**Prompt:** Setting aside any pictures, reproduce the data exactly.

**Dataset excerpt:**
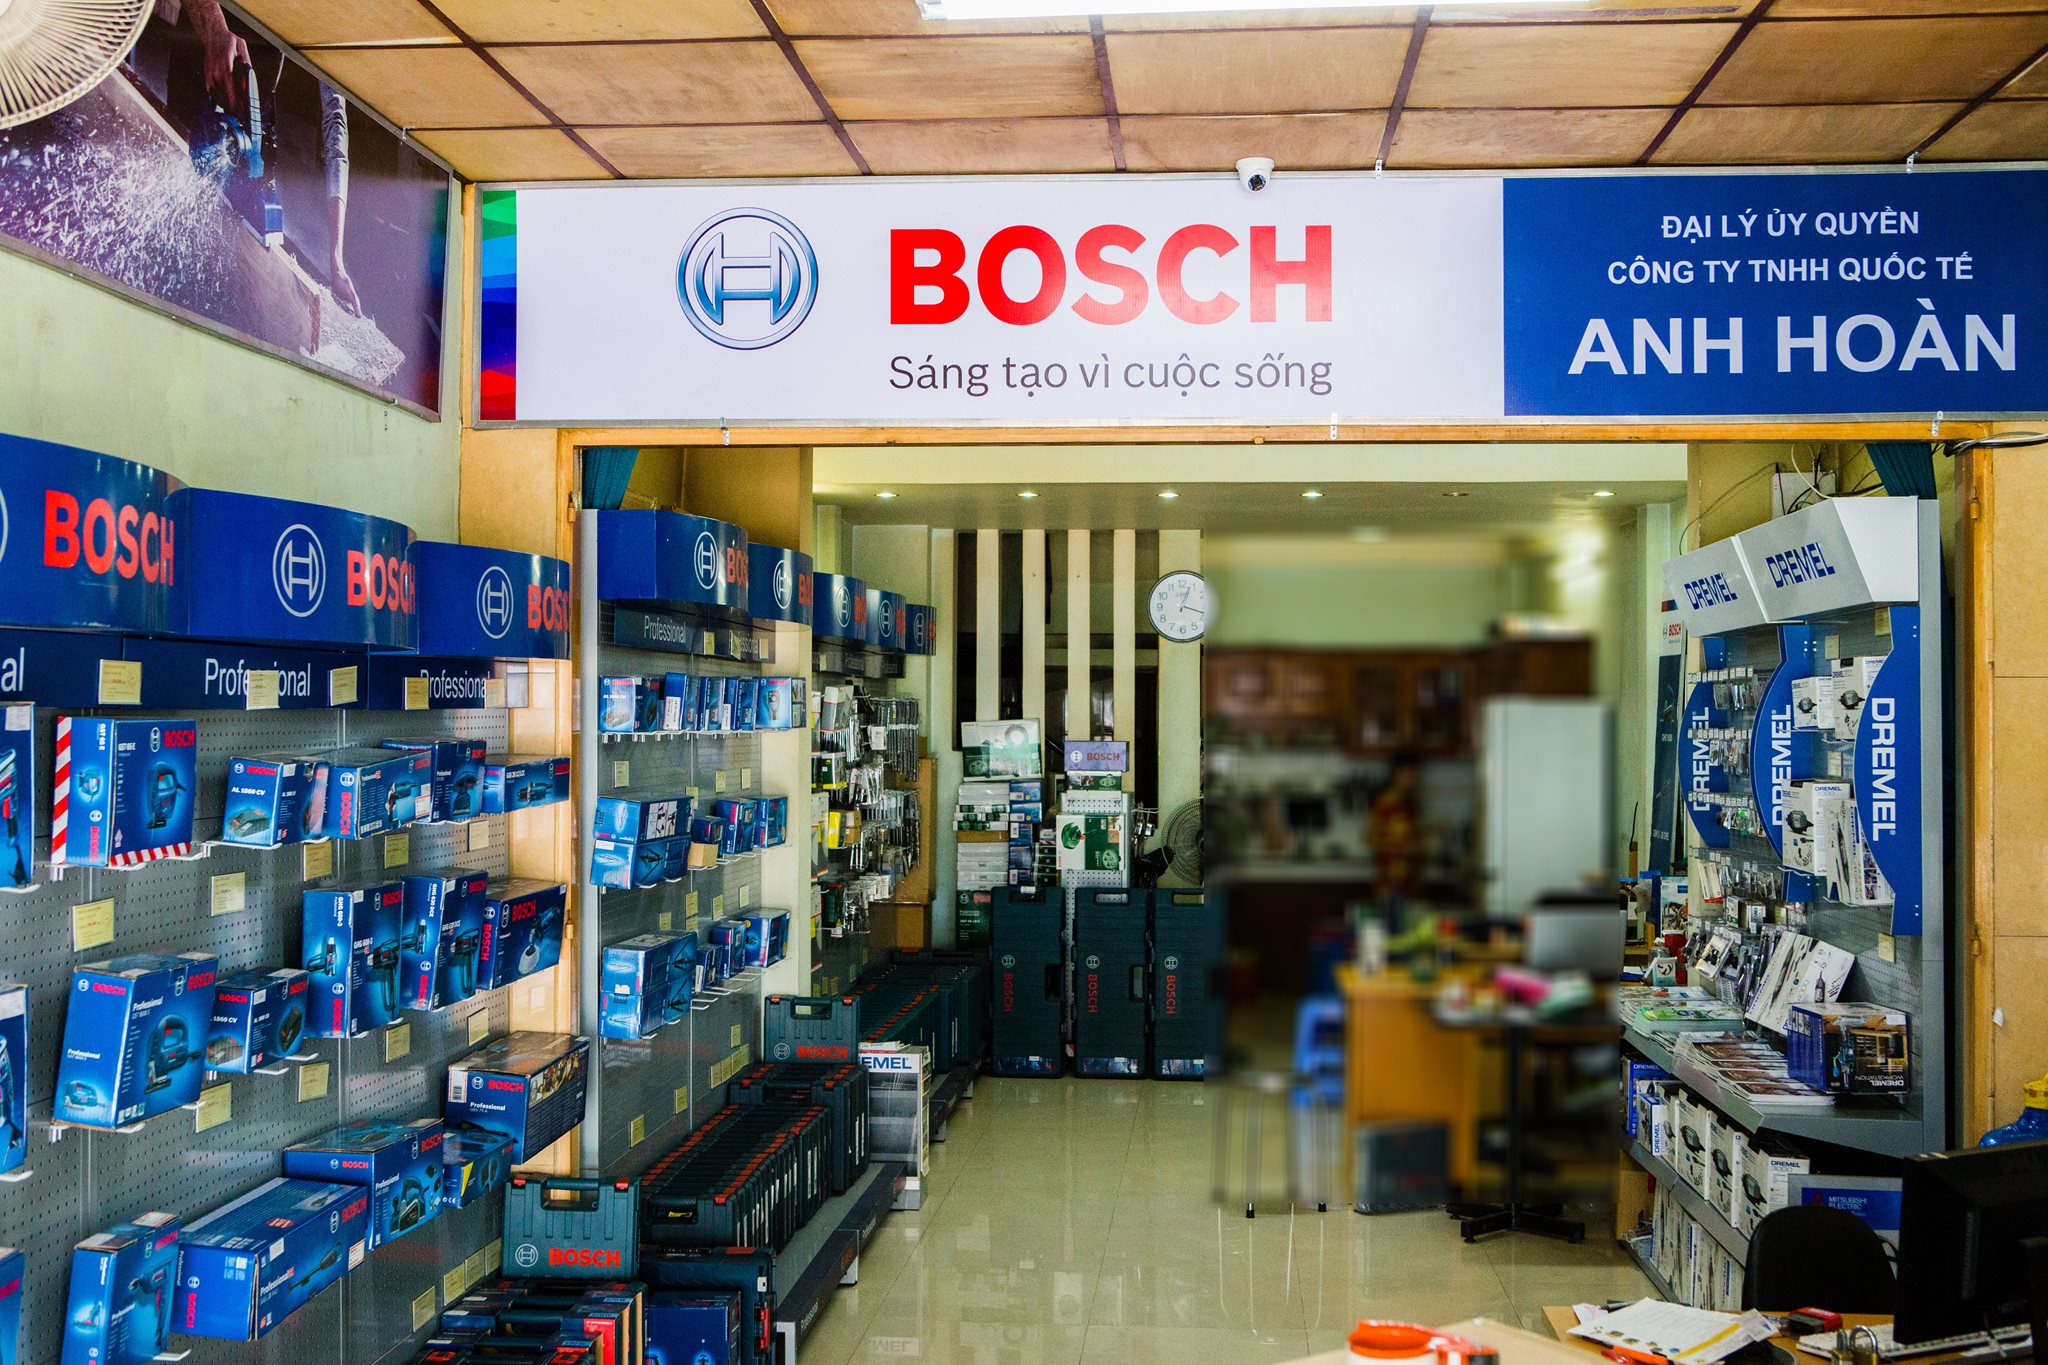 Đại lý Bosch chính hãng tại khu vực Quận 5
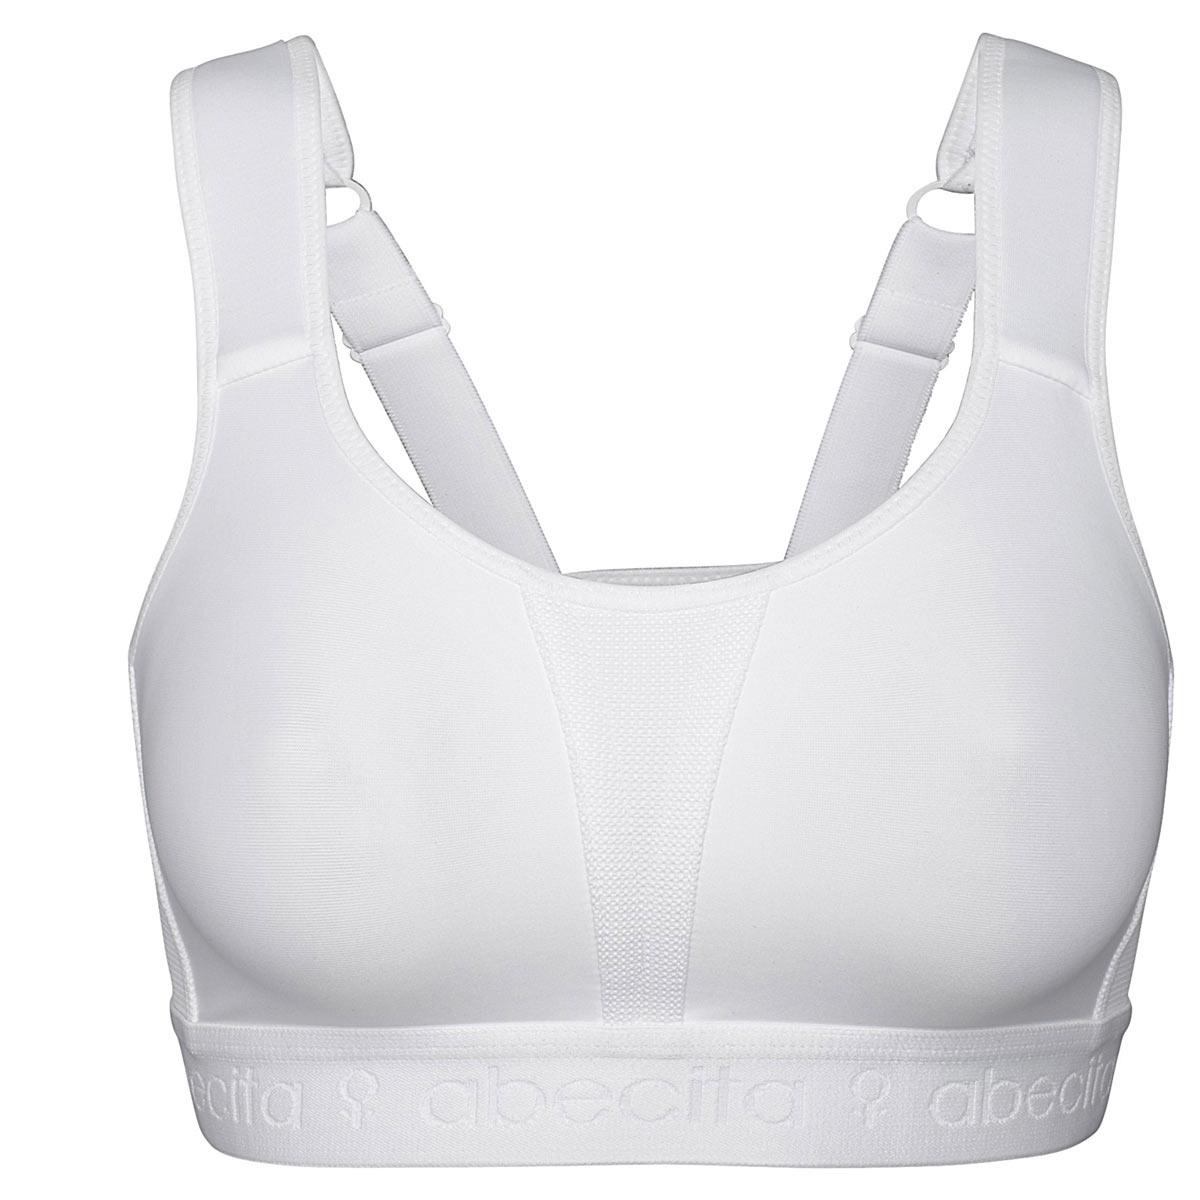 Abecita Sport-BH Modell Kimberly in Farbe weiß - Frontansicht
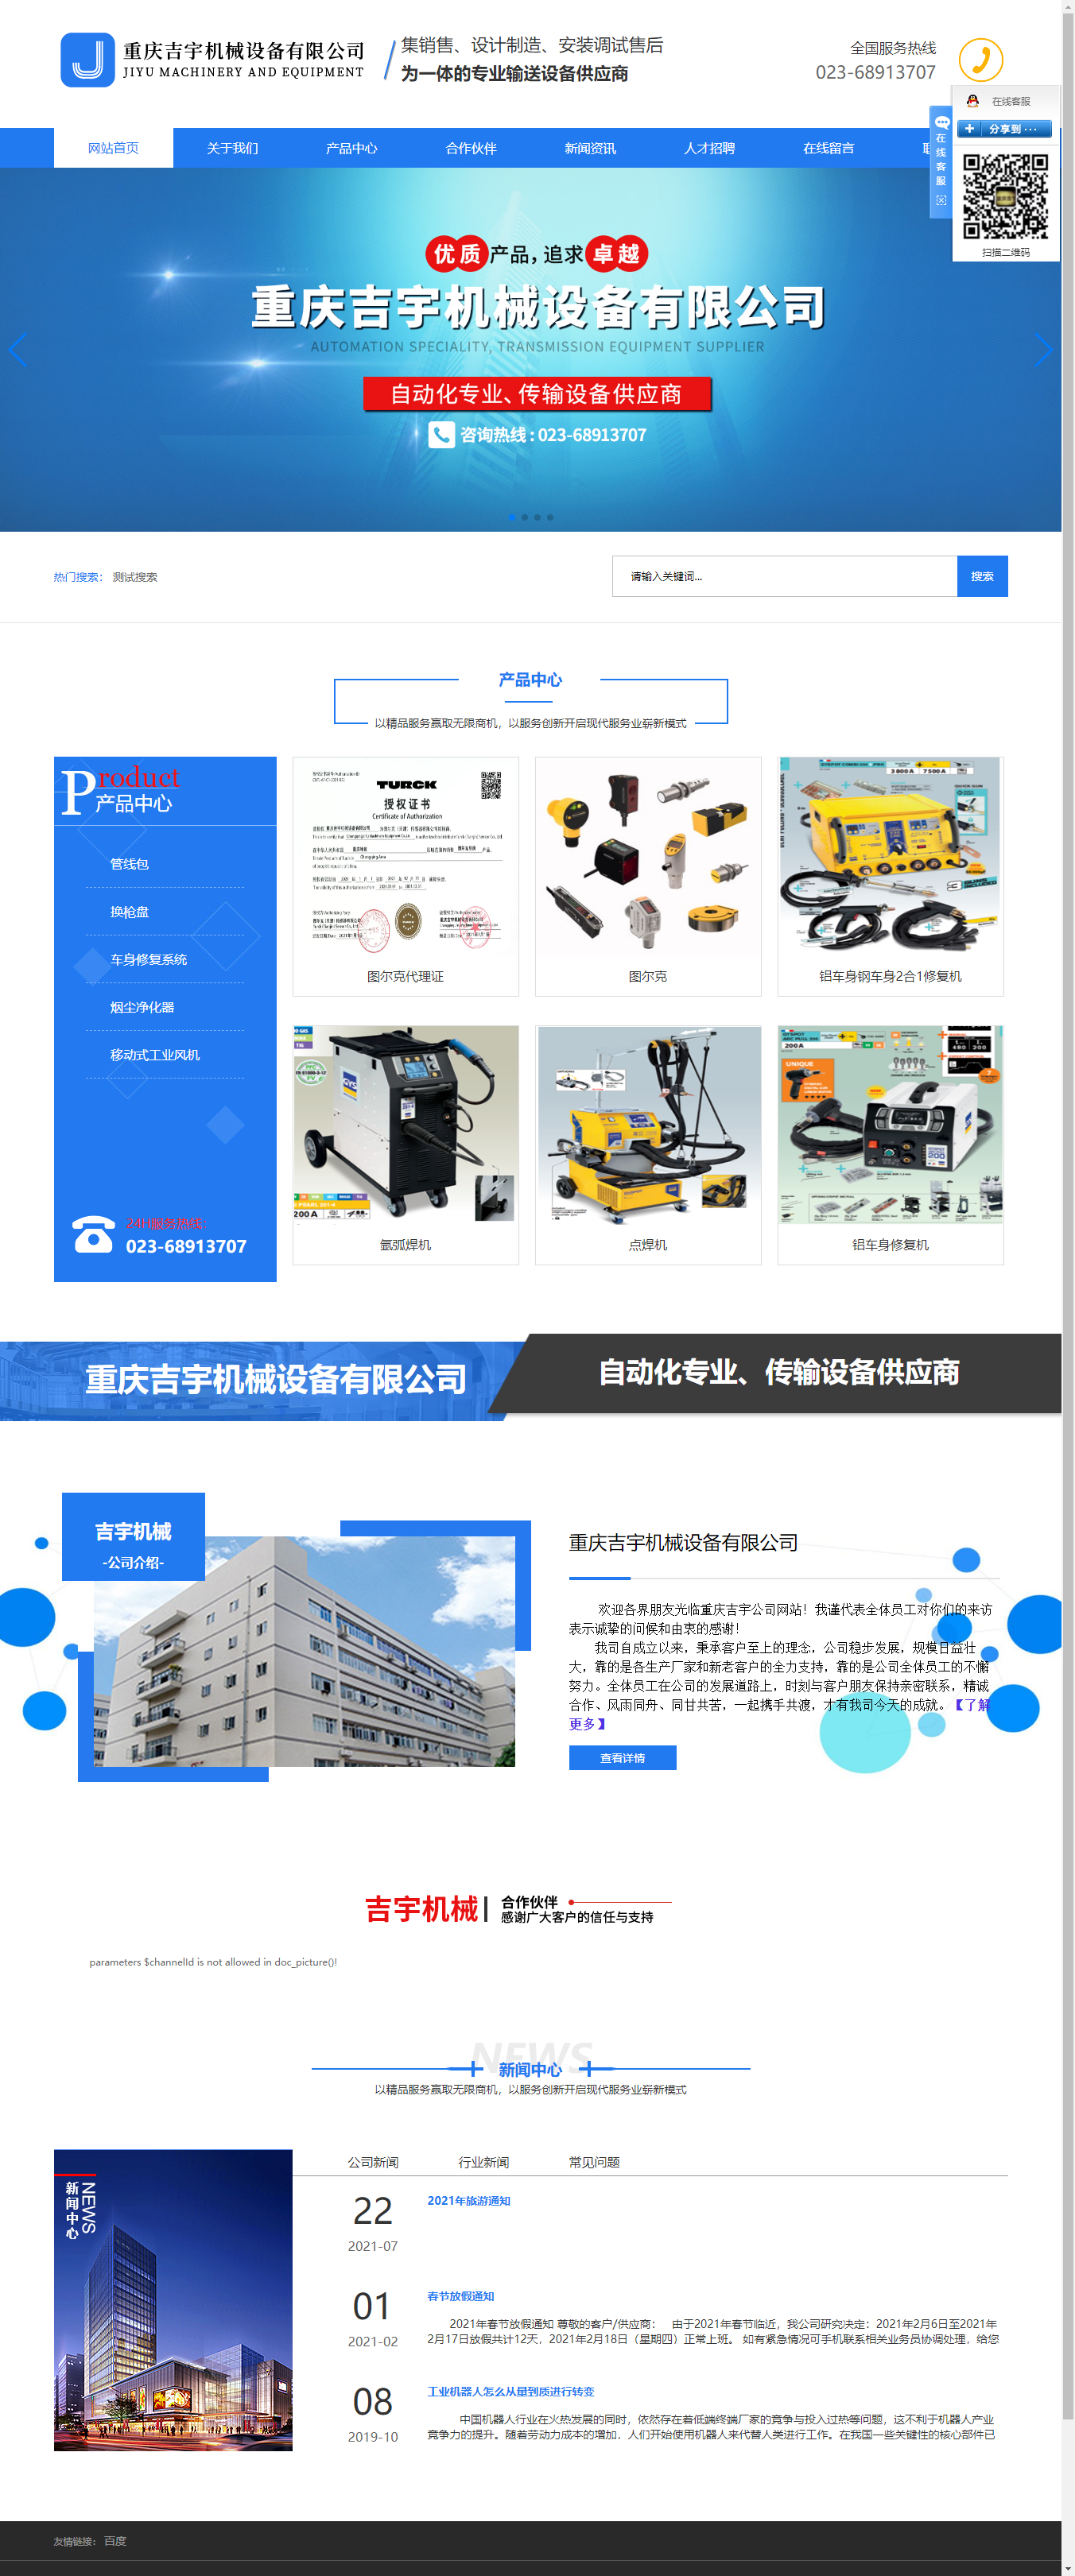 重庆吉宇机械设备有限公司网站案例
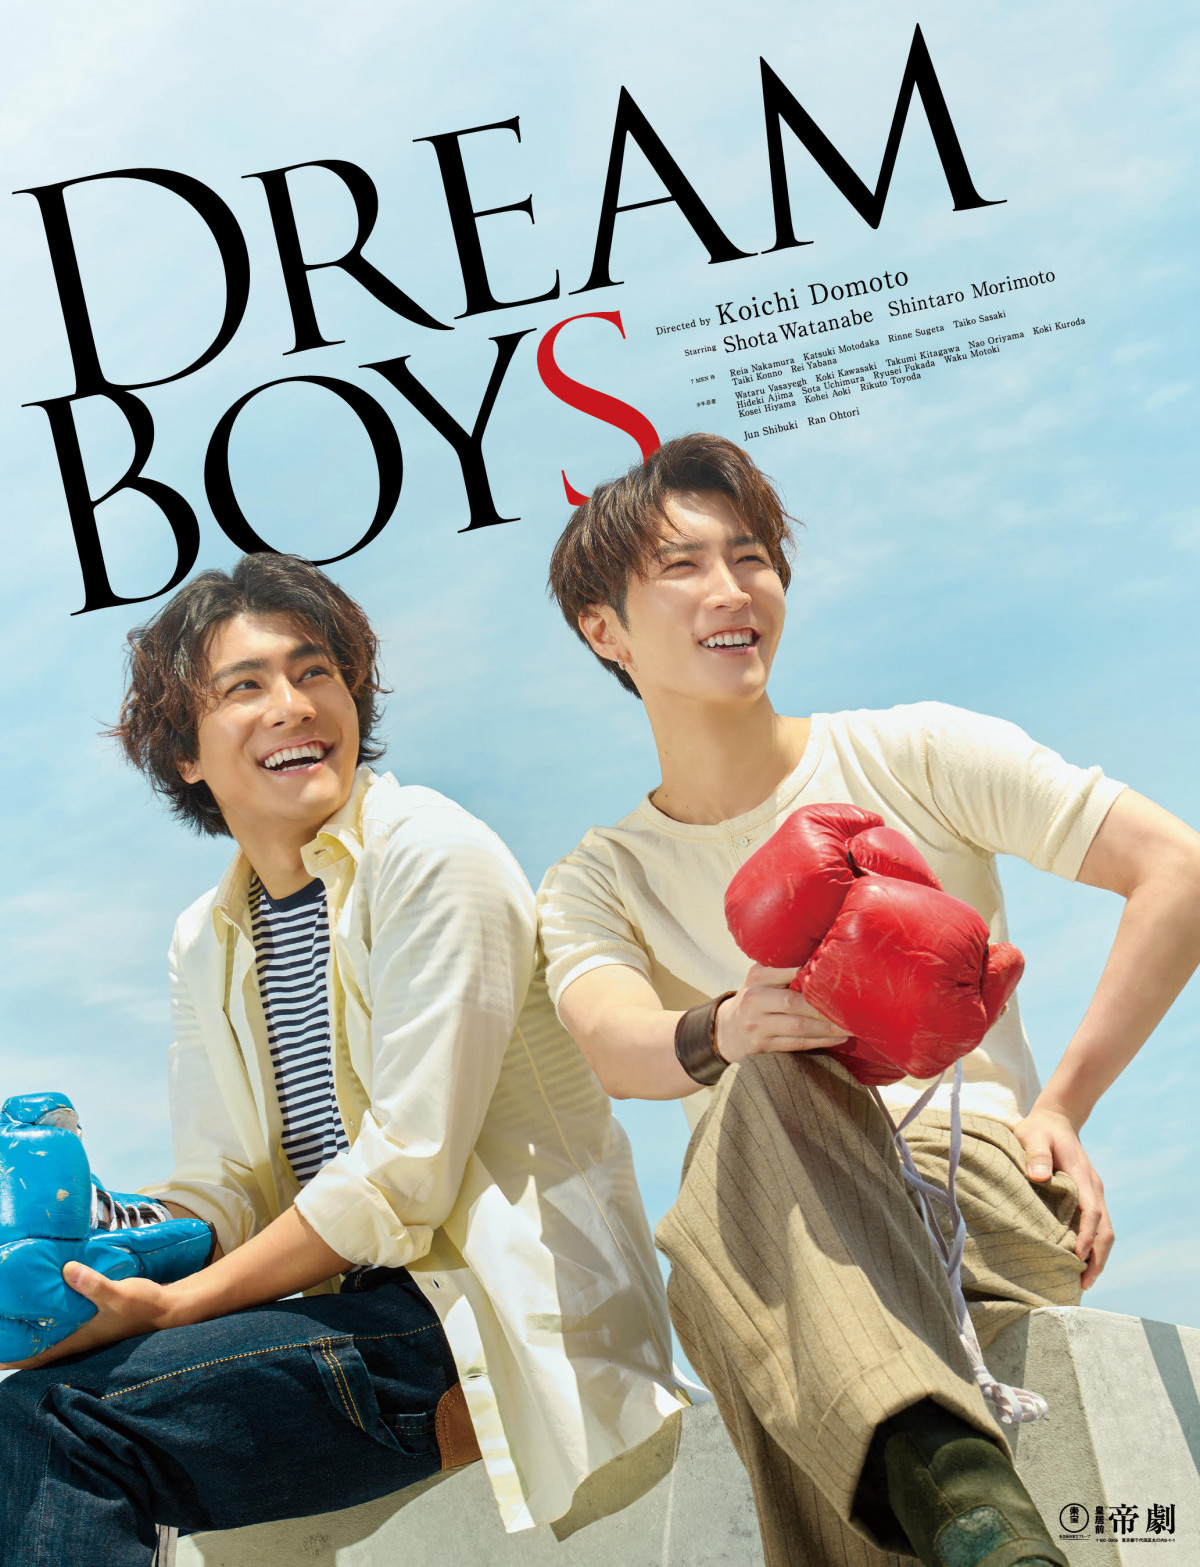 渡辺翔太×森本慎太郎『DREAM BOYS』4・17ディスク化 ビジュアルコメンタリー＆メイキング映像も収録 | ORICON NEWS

**Solution below:**
 Đại lý Bosch chính hãng tại khu vực Quận 5
 Abecita Sport-BH Modell Kimberly in Farbe weiß - Frontansicht
 重庆吉宇机械设备有限公司网站案例
 渡辺翔太×森本慎太郎『DREAM BOYS』4・17ディスク化 ビジュアルコメンタリー＆メイキング映像も収録 | ORICON NEWS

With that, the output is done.